The graphs and heat map were designed with the Prism version 9.0.0 for Windows software package (GraphPad Software, San Diego, CA, USA).

Results and discussion

One of the mechanisms of invasiveness of Japanese and Bohemian knotweeds is a chemical weapon, allelopathy (Murrell et al. 2011), as these plants release various bioactive compounds into the soil that can negatively affect the growth of nearby plants (Latif et al. 2017). Knotweeds are known to contain many biologically active compounds, especially in their rhizomes (Frantík et al. 2013). The main phytochemicals are resveratrol, emodin, (–)-epicatechin, (–)-catechin, piceid and resveratroloside (Fan et al. 2009). In this study, we compared the effects of methanol extracts of knotweed rhizomes and the selected phenols resveratrol, epicatechin and emodin, and their mixture, on radish seeds and seedlings. In contrast to 7 days of treatment and growth in our previous studies (Šoln et al. 2021a, b), in the present study, 3-day-old seedlings were analysed to detect the very first changes following germination.

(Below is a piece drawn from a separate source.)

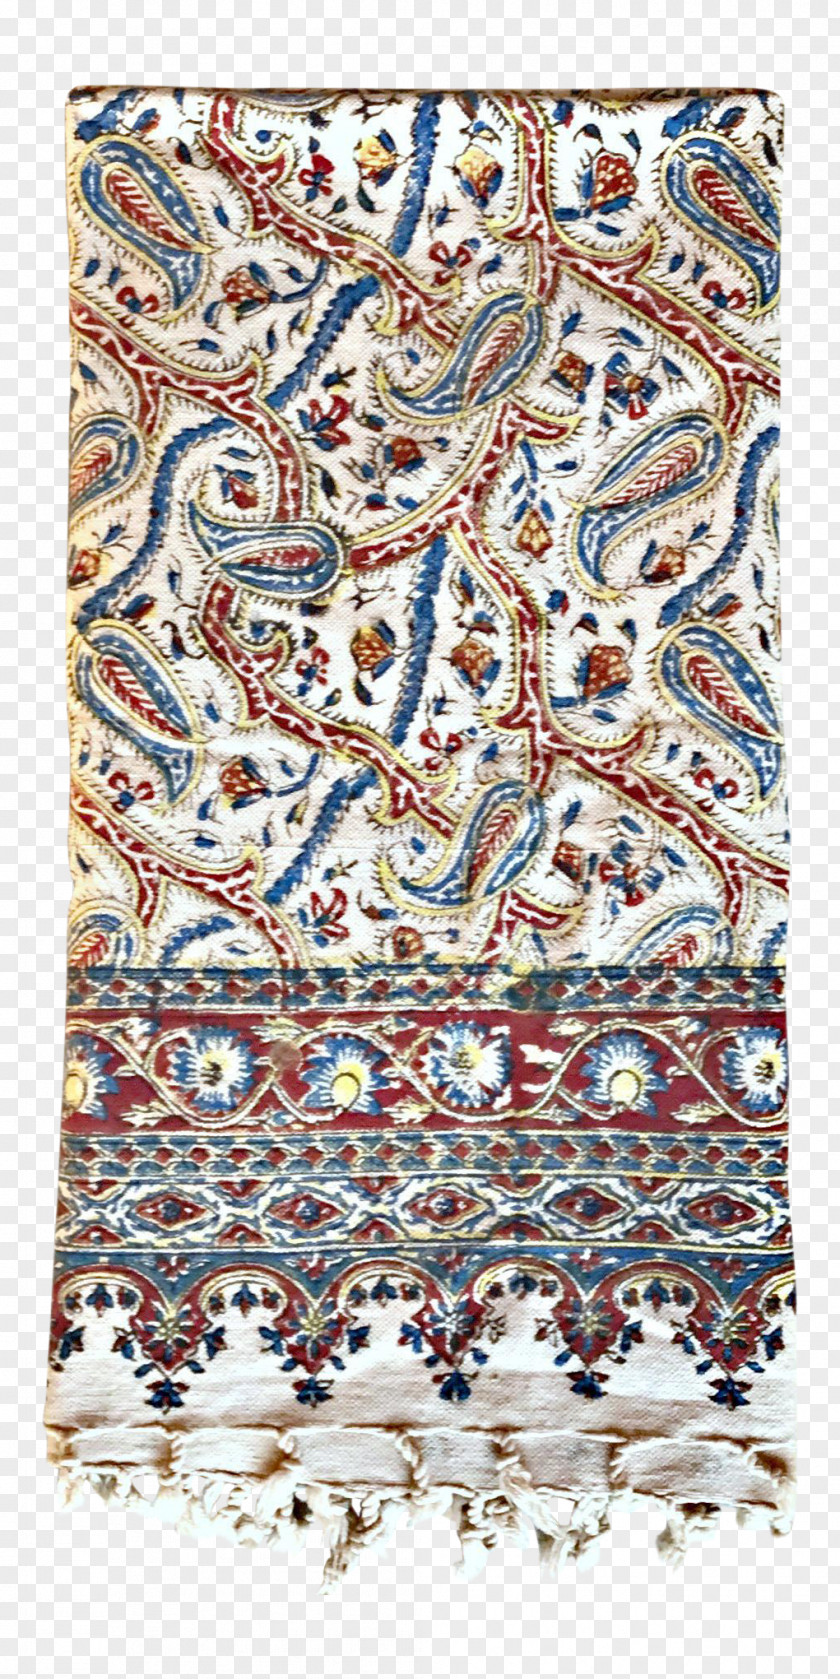 Paisley Textile Chairish Islamic Rugs Antique Art PNG

NMR analysis of knotweed rhizomes

Conventional metrological quantification techniques are mostly faced with challenges such as specific response factors and chemicals, as well as mechanistic considerations. On the other hand, quantitative NMR (qNMR) is a direct method that only requires complete solubility and the presence of detectable nuclei; e.g. hydrogen. Nowadays, qNMR has found wide recognition in pharmaceutical analysis, natural product chemistry, metrology and forensics (Jaki et al. 2020). This method is a powerful non-destructive analytical tool that allows identification of compounds also in complex samples and quantification without the need for calibration curves of internal or external standards (Pauli et al. 2005; Simmler et al. 2014).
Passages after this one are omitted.